● **Problem statement**:
The response should consist of every line below, restated exactly, with no pictures.

● **Data segment**:
BEGIN

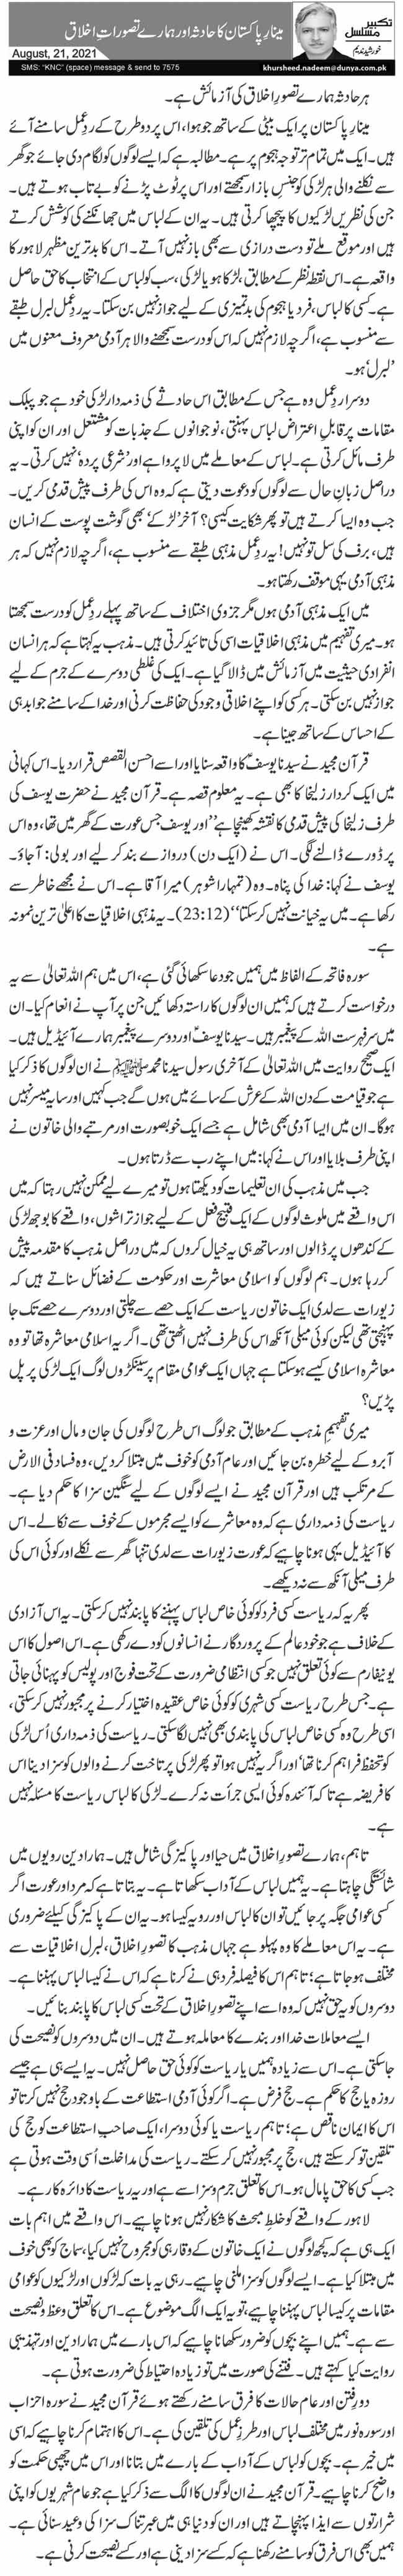 مینارِ پاکستان کا حادثہ اور ہمارے تصوراتِ اخلاق
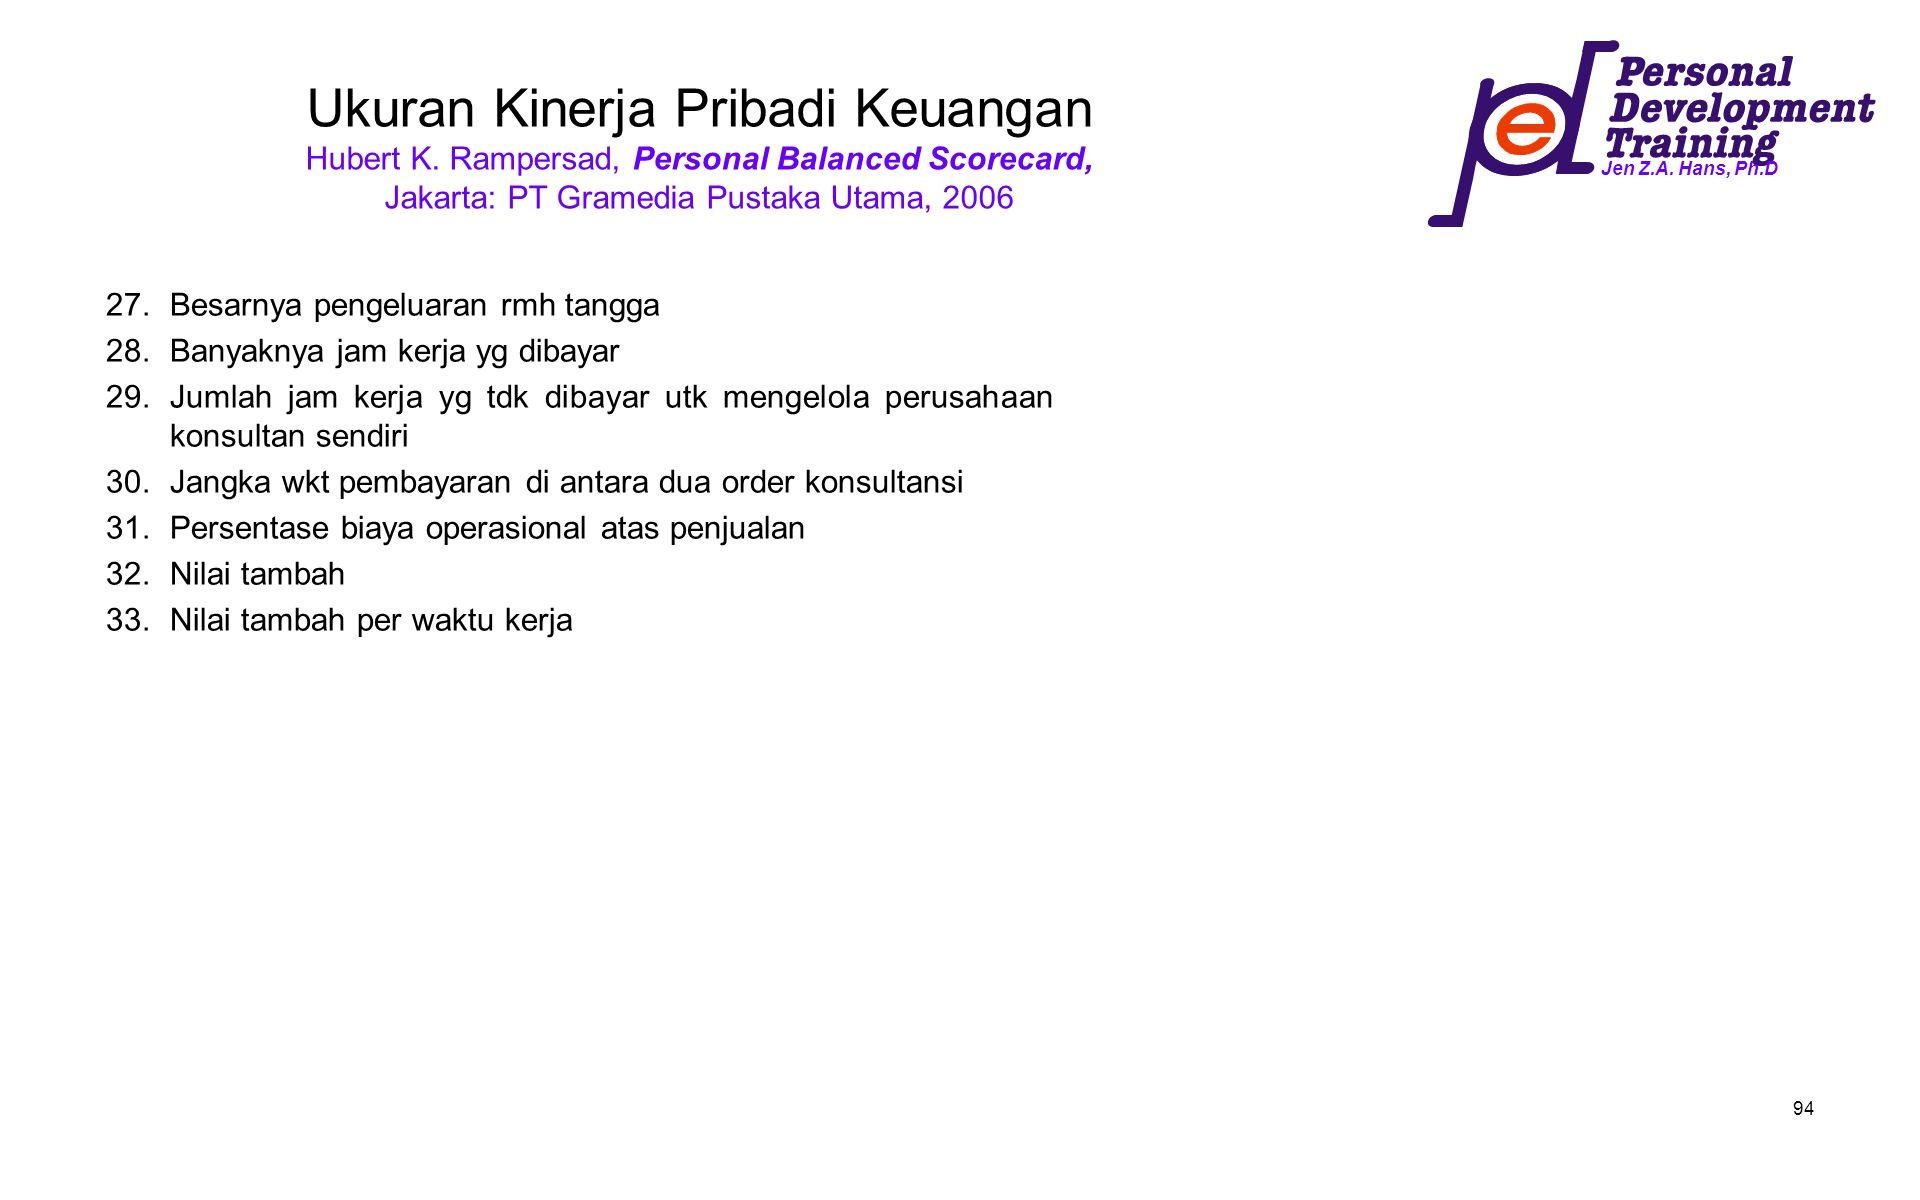 Jen Z.A. Hans, Ph.D 94 Ukuran Kinerja Pribadi Keuangan Hubert K. Rampersad, Personal Balanced Scorecard, Jakarta: PT Gramedia Pustaka Utama, 2006 27.B
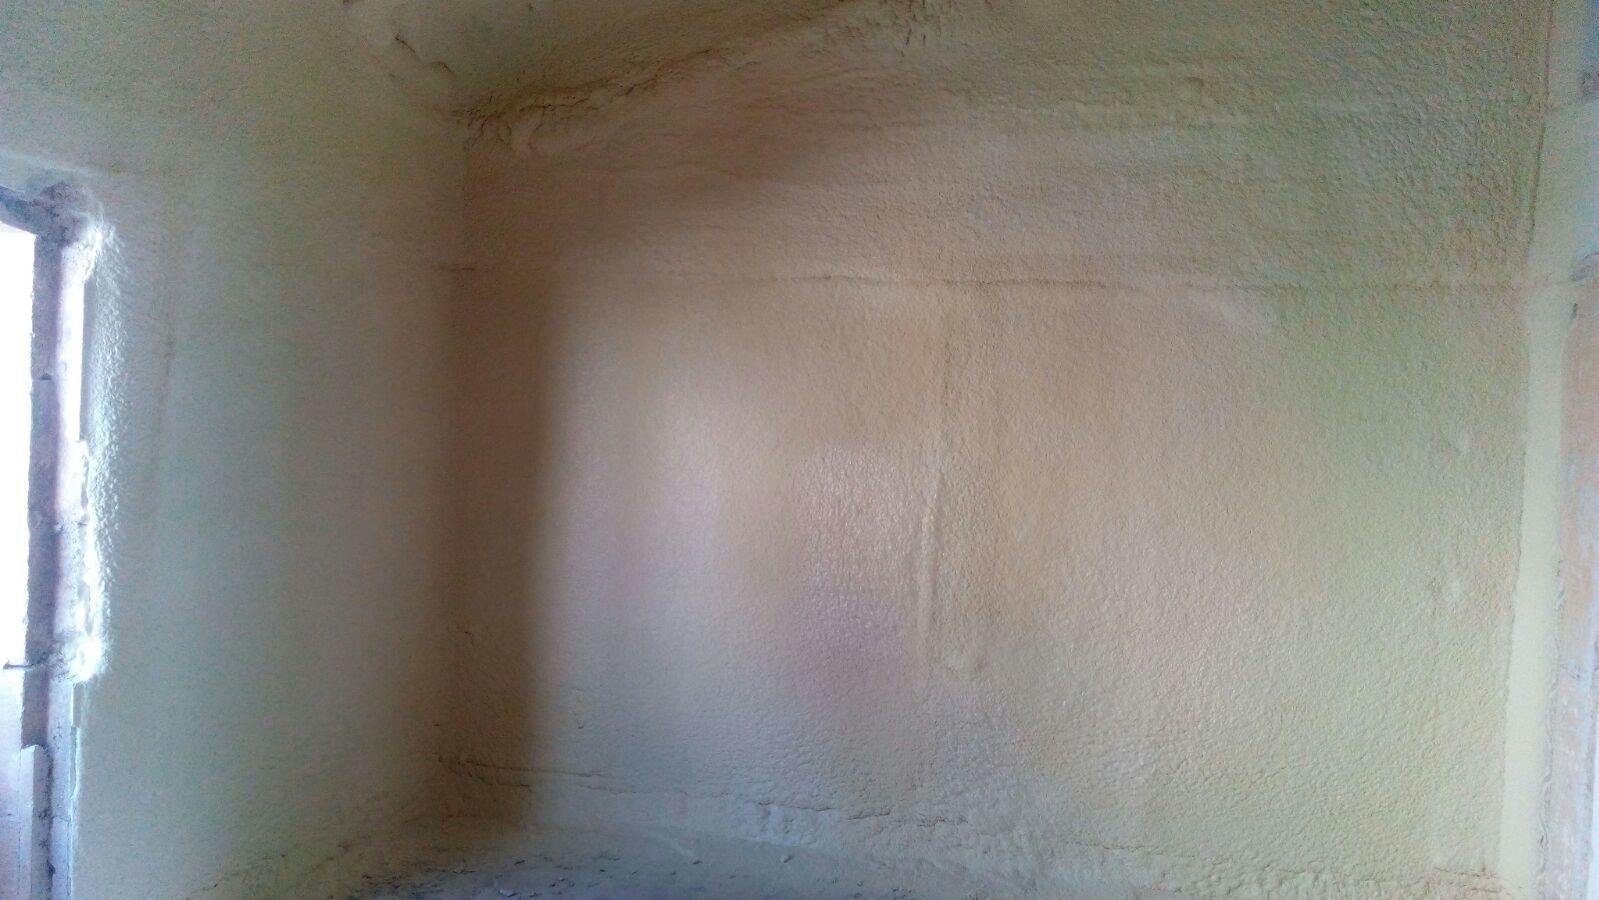 Foto 40 de Aislamientos acústicos y térmicos en Rafelcofer | Aislamientos de Poliuretano Jaime Femenia

END

● **Result**:
 مینارِ پاکستان کا حادثہ اور ہمارے تصوراتِ اخلاق
 Jen Z.A. Hans, Ph.D 94 Ukuran Kinerja Pribadi Keuangan Hubert K. Rampersad, Personal Balanced Scorecard, Jakarta: PT Gramedia Pustaka Utama, 2006 27.B
 Foto 40 de Aislamientos acústicos y térmicos en Rafelcofer | Aislamientos de Poliuretano Jaime Femenia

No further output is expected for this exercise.